Trust: the hardest lesson of all for abused children to learn. Most never did.
“It may not be for long. I'll try my best. But if the father's dead, circumstances have changed. We can't simply leave him here.”
“Why not?”
Because he may have killed the man,
was the response on the tip of Allen's tongue.
Because his father's systematic emotional torture may have been more successful than he could have imagined, and he's built himself a killer for a son. Because I know how it feels to hate an abusive authority figure so much that in the end you become him. I know how it feels to murder. And I have to take Jamie aside to a quiet place where I can look into his eyes, and know if there's a killer looking back at me.

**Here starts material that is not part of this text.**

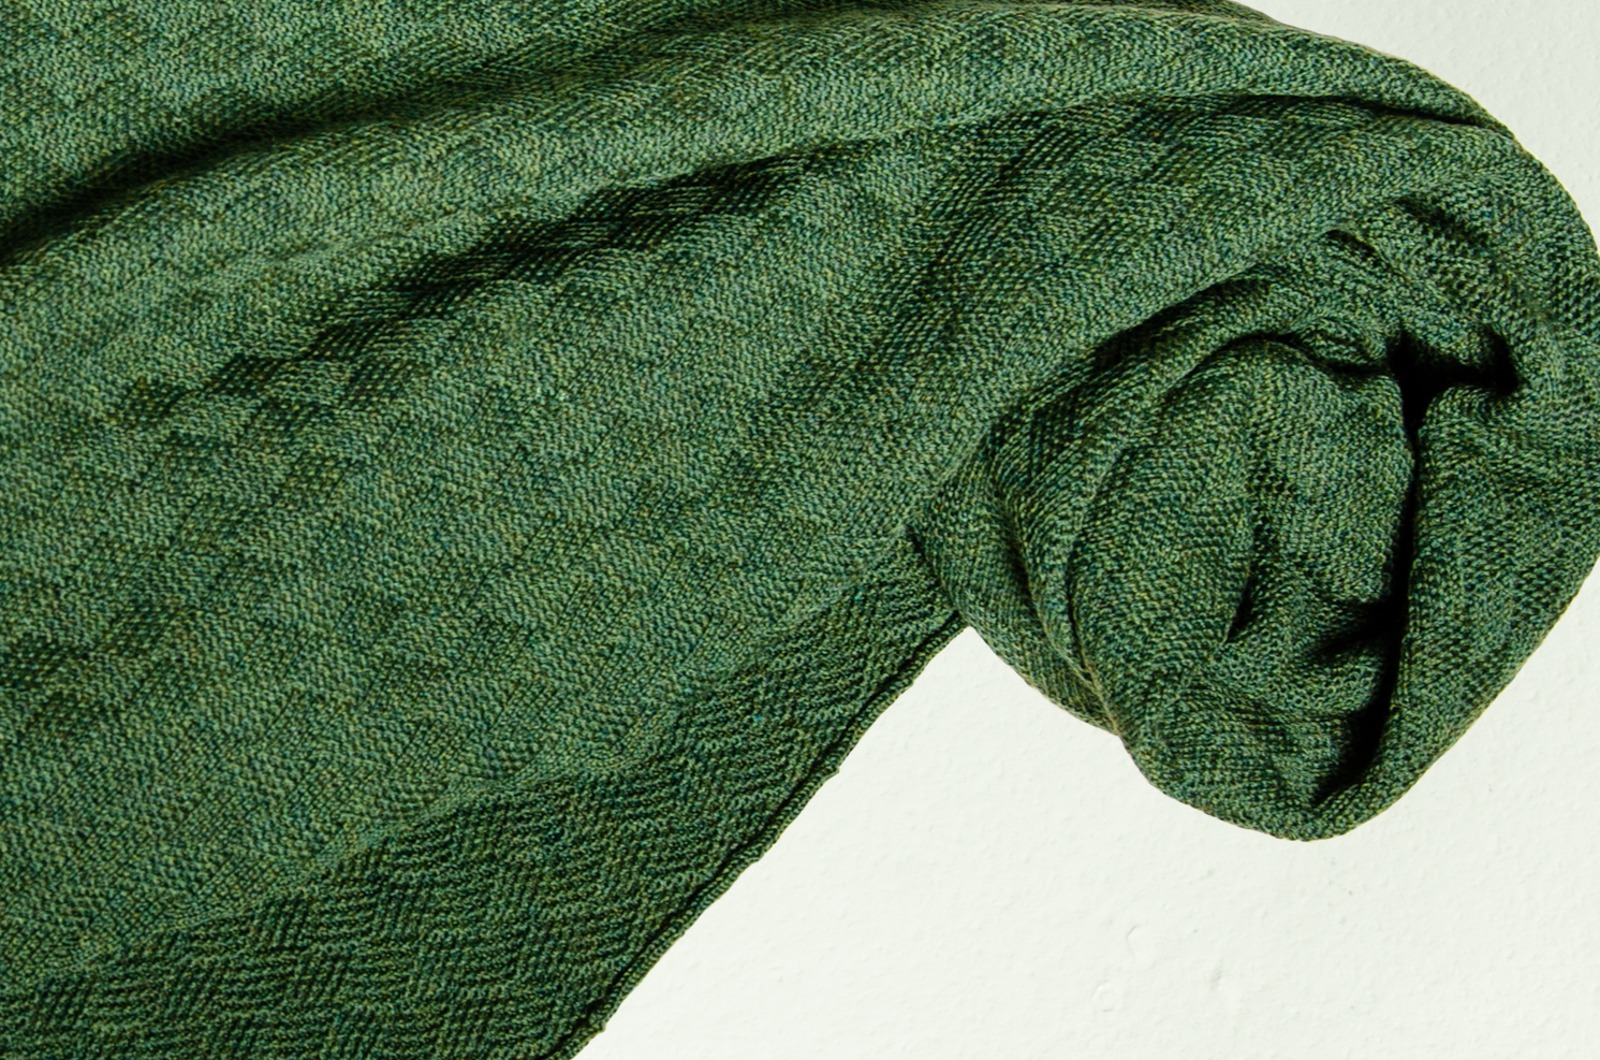 Merino Schal Weboptik einfarbig in dunkelgrün

But he could say none of that here. Merely, “I'll make sure he understands that I'm the one to blame, not you and Pete. It's possible that I'll be able to bring him back here, and if so, it would be better if you appeared to be victims, too.”
“But why would anyone want to harm Jim?”
Why indeed, if the father was out of the picture? “I don't know that they do. But I need to be sure, before I can let him stay here.” That much was true.
“And if they come here, and find him missing? What will they do?”
He was so tired he wasn't thinking straight. Of course his nightmare scenario led straight to this question, which would be a valid concern if any of the rest of it was true. He needed to reassure her that there wasn't some band of murderous thugs on the boy's trail, about to burst in some night and murder her family, but he couldn't very well do that without telling her that the only potential murderous thug was an adolescent boy already sheltering under her roof. “Rachel, look. No one is after him. His father's plane went down, apparently with him on board. They haven't recovered the body yet, but surely you can see that it changes everything. The father's not there, and the boy will probably inherit a lot of money. I have to take him back.”